Thankfully, even if interest in Dr. Phil LIVE! is short-lived, Ray has plenty of other characters to fall back on. Recently introducing Elaine, “an older, kind of whimsical, loungey, old comic type lady,” he also has in his arsenal the likes of “a really nerdy kid named Jeremy,” party planner Bruce Robbins, and an old man named Tony Caruso. What’s been critical in achieving the fullest expression with each has been to fearlessly go all in, and certainly, his commitment was on display recently at Netflix Is a Joke. Last weekend, he greeted Dave Chappelle in full prosthetics at The Comedy Store following one of his own shows, going so far as to sleep in prosthetics and wear them up through his performance the next day.
Growing up near Seattle, Washington, Ray fell in love with acting in high school, after he quit football to star as Danny Zuko in a production of Grease. After moving to Los Angeles in 2001 to study acting at USC, intent on creating “something out of nothing,” he built his career brick by brick by immersing himself in everything from stand-up and improv classes to voiceover work and podcasting. The idea, he says, was to give himself “as many weapons in [his] arsenal as possible,” throwing all the “darts” he could in pursuit of a breakout opportunity. In his early years, he would do open mics at night and shoot YouTube videos on the weekend, filling weekdays with unpaid work at McCarthy/Abellera Casting and performer gigs at Universal Studios, whether wandering the park dressed as Wolverine or appearing as part of Fear Factor Live.

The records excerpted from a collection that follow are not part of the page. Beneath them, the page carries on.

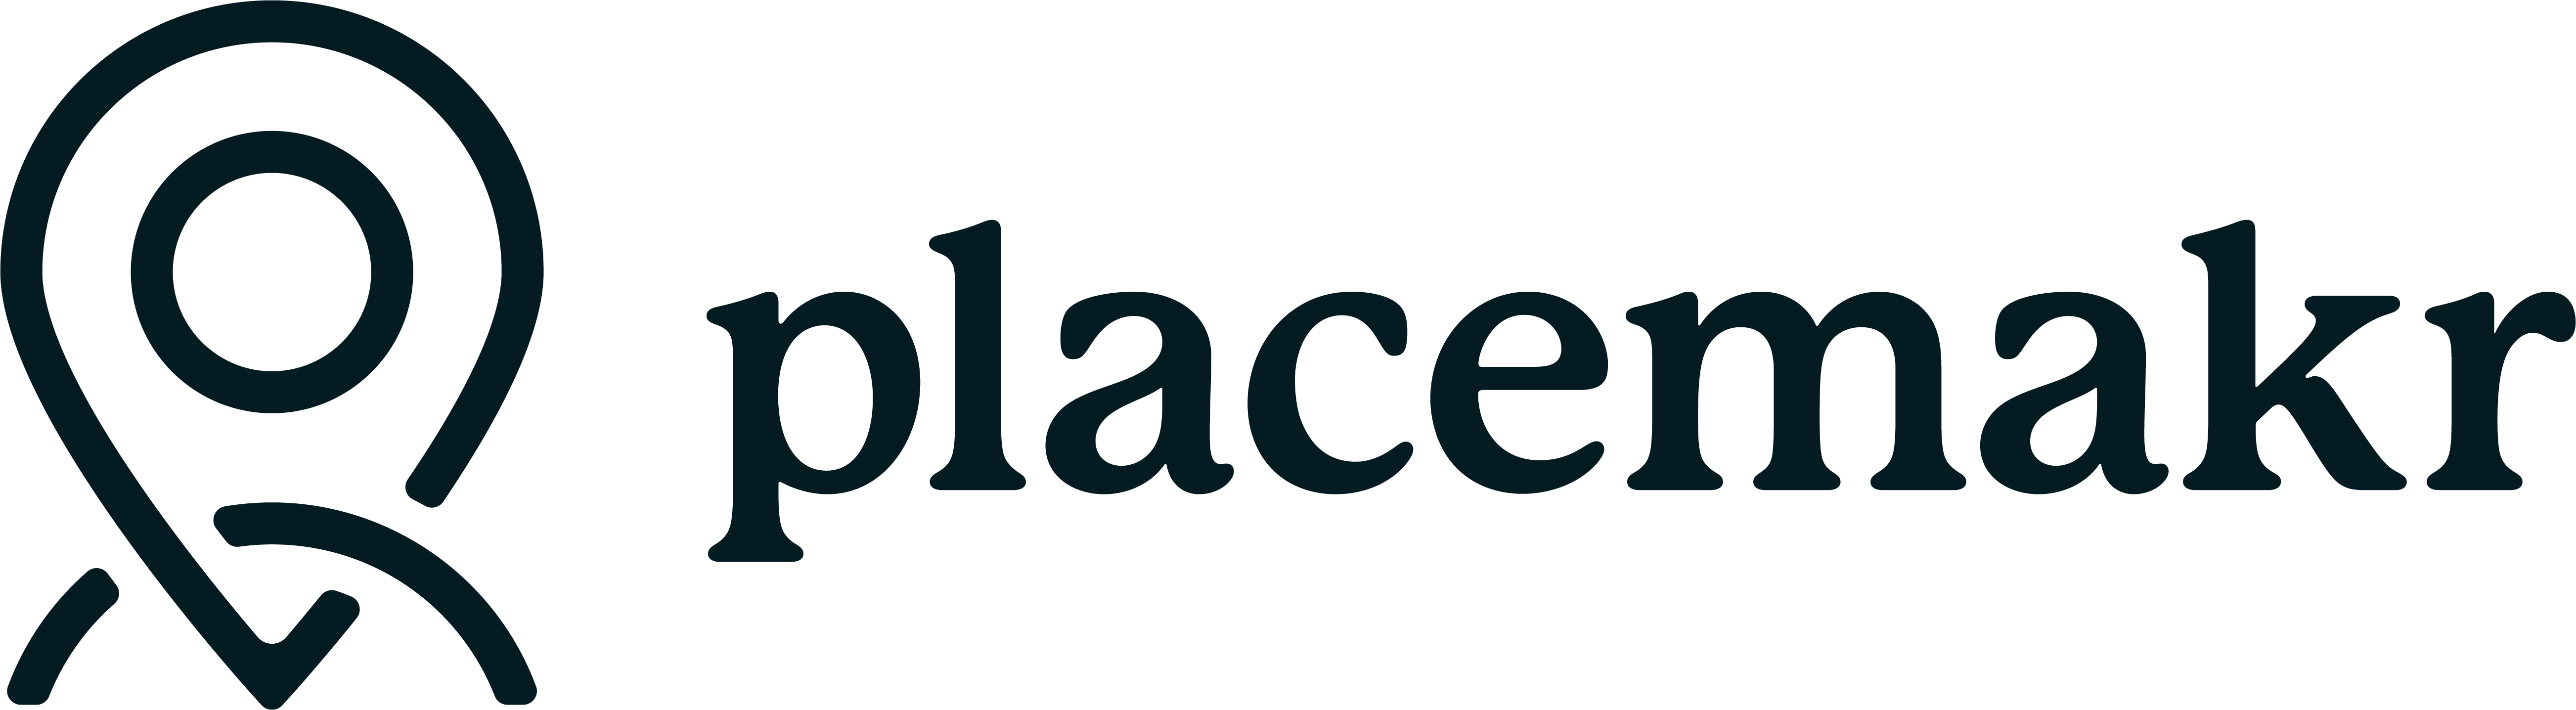 Placemakr logo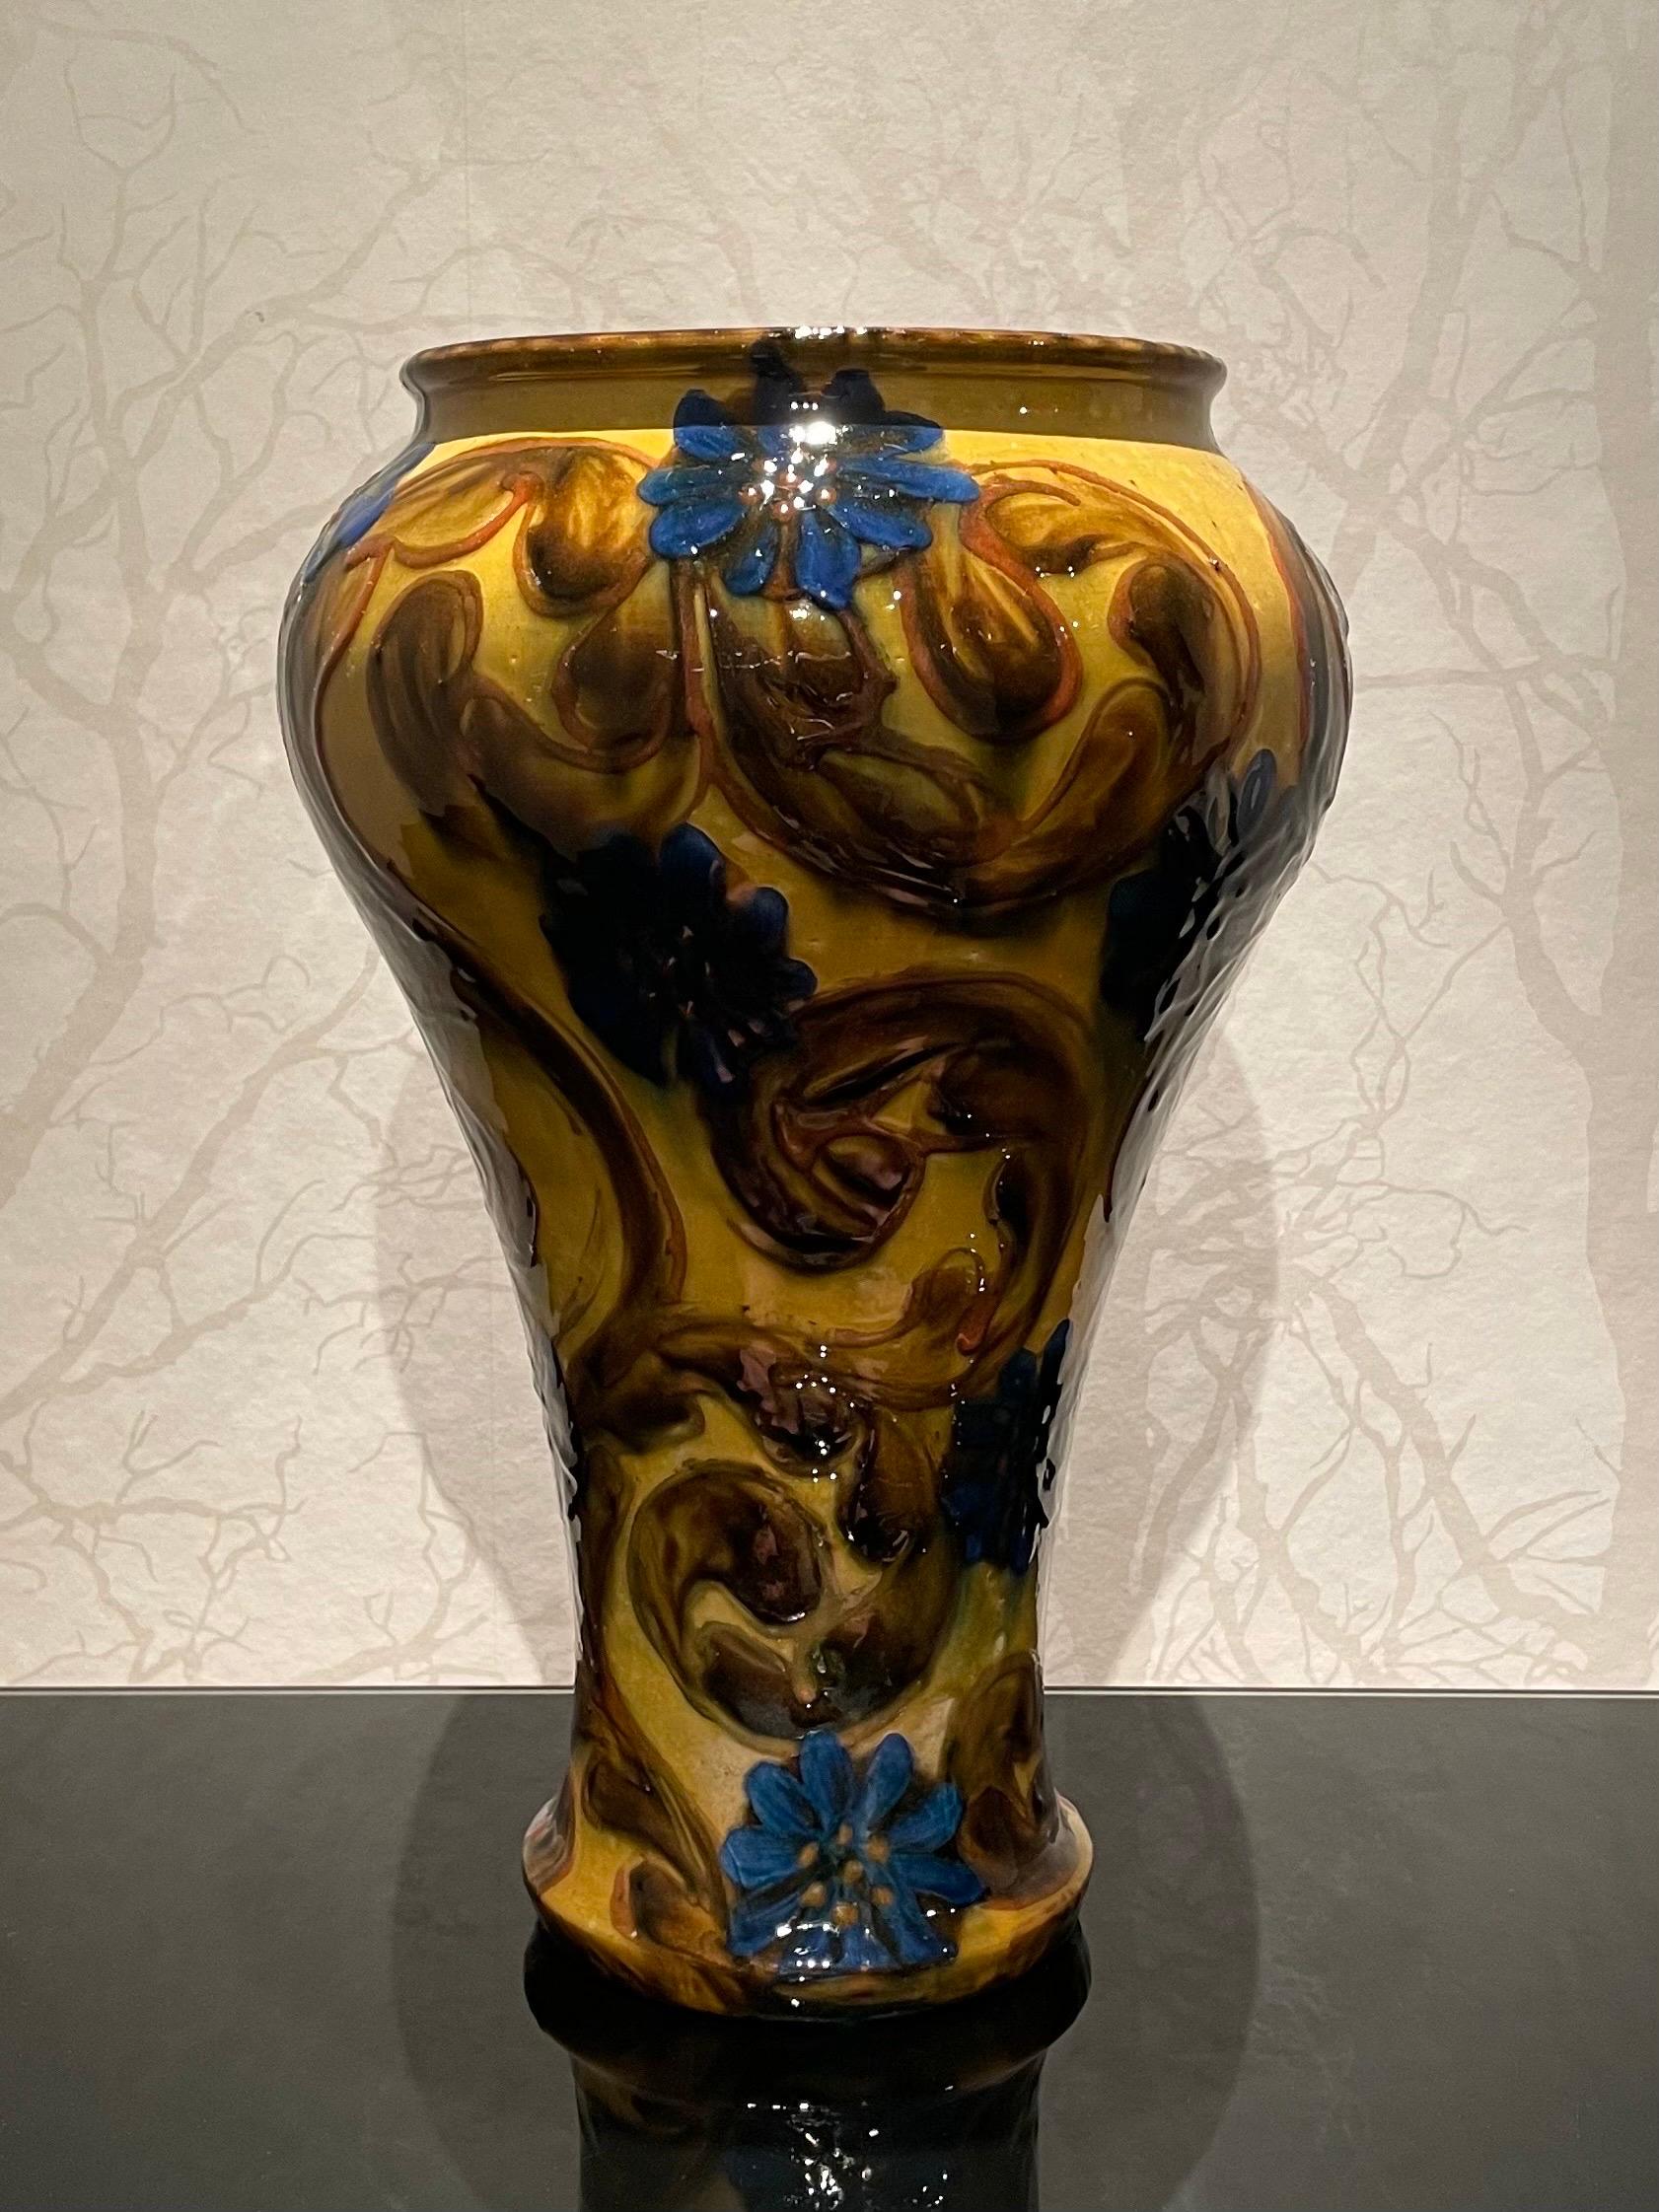 Dies ist die dänische 36 cm hohe Keramikvase aus den 1920er Jahren von Herman Kähler.

Diese Vase hat einen hohen, stabilen und stolz geformten Körper, eine hochglänzende Oberfläche und braune und blaue Farben auf einer Basis aus senfgelber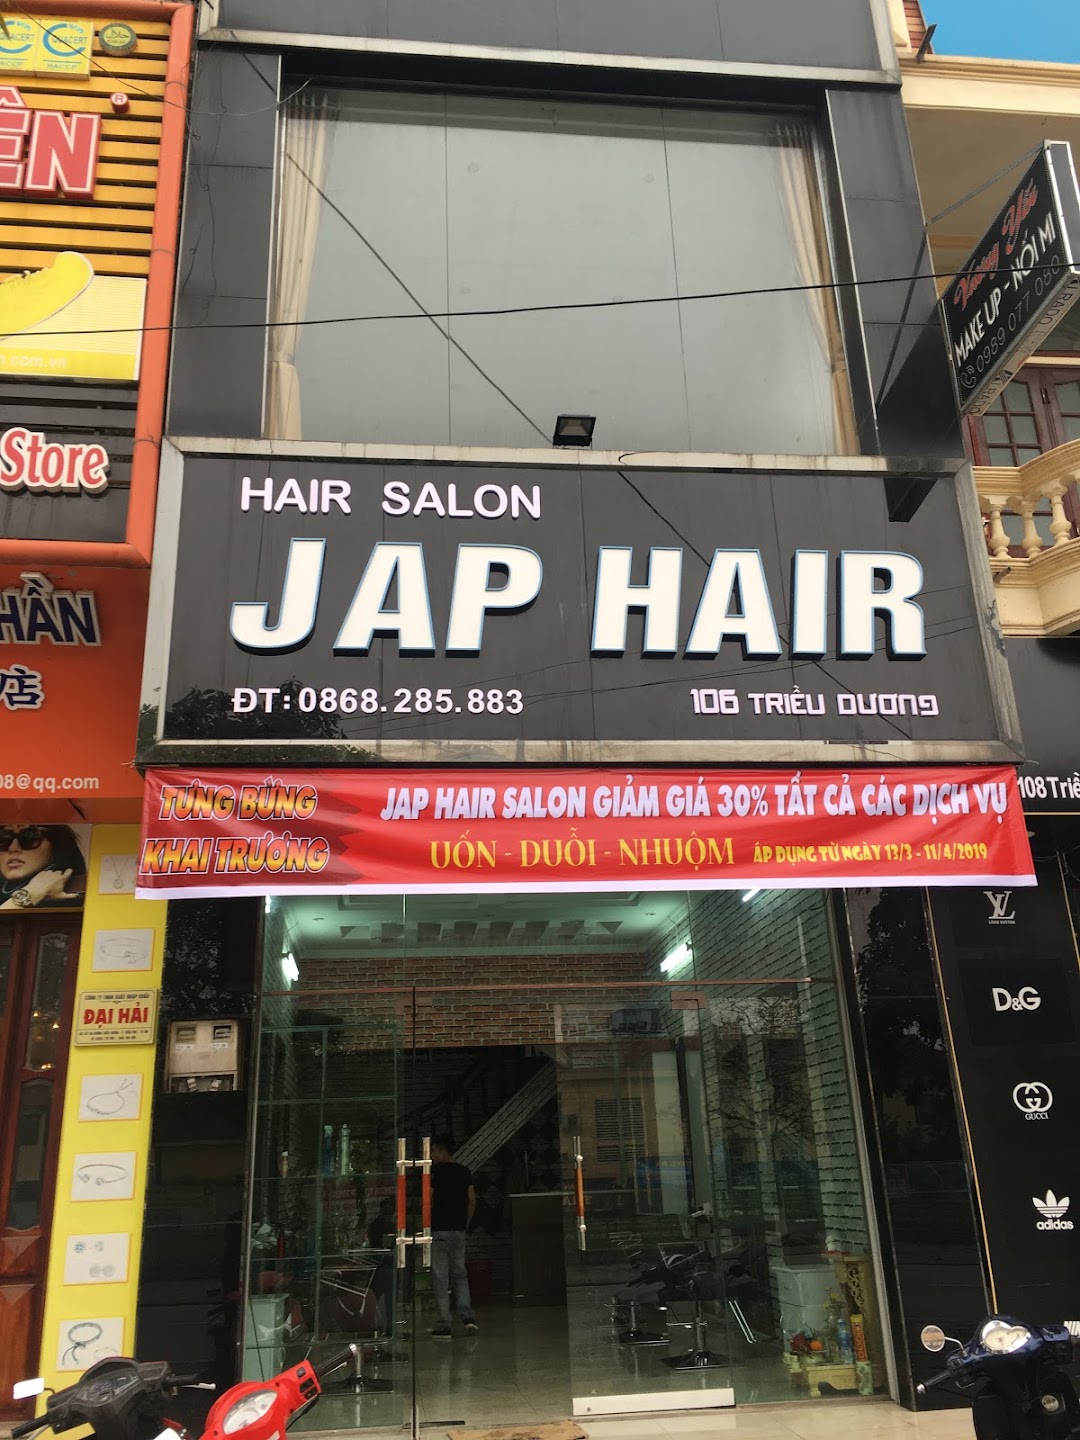 Hair salon Jap Hair

Certainly, Ray’s efforts haven’t gone unnoticed by his peers. “There’s a respect for the grind that you can’t replace,” he says. “We’re in a really interesting club of, people know that you’re hustling, and if you keep it clean and you’re not doing shady s**t and you’re not a d*ckhead, it’s really a pretty simple formula to follow, to give yourself a chance to get something cool to happen.” On the heels of both a pandemic and a double strike, building a career on screen is perhaps more of a “crapshoot” than it’s ever been, he says, which furthers the importance of being creatively self-sufficient.
In a perfect world, Ray’s hope going forward is to continue pursuing a model “of making things for your buddies and with your buddies,” à la Adam Sandler. Noting that “anyone’s a role away from taking things up a notch,” he shares that there are already a few opportunities on the horizon, as an actor, that have gotten him “really excited.”
What’s most important to Ray, though, is to continue finding ways to stay creatively challenged, whatever form they might take. “I want to take care of myself. I want to enjoy this little bump I’m getting. I’m trying to be a little bit more in the moment with stuff,” he says. “This business is so uncertain, I just want to continue to control what I can control, which is being disciplined in making sure that I am not making excuses for myself on things that I want to do. So the goals are to just keep it moving, but keep thinking outside the box and try to keep my own enthusiasm for what I’m doing alive. Because that’s what got me to here.”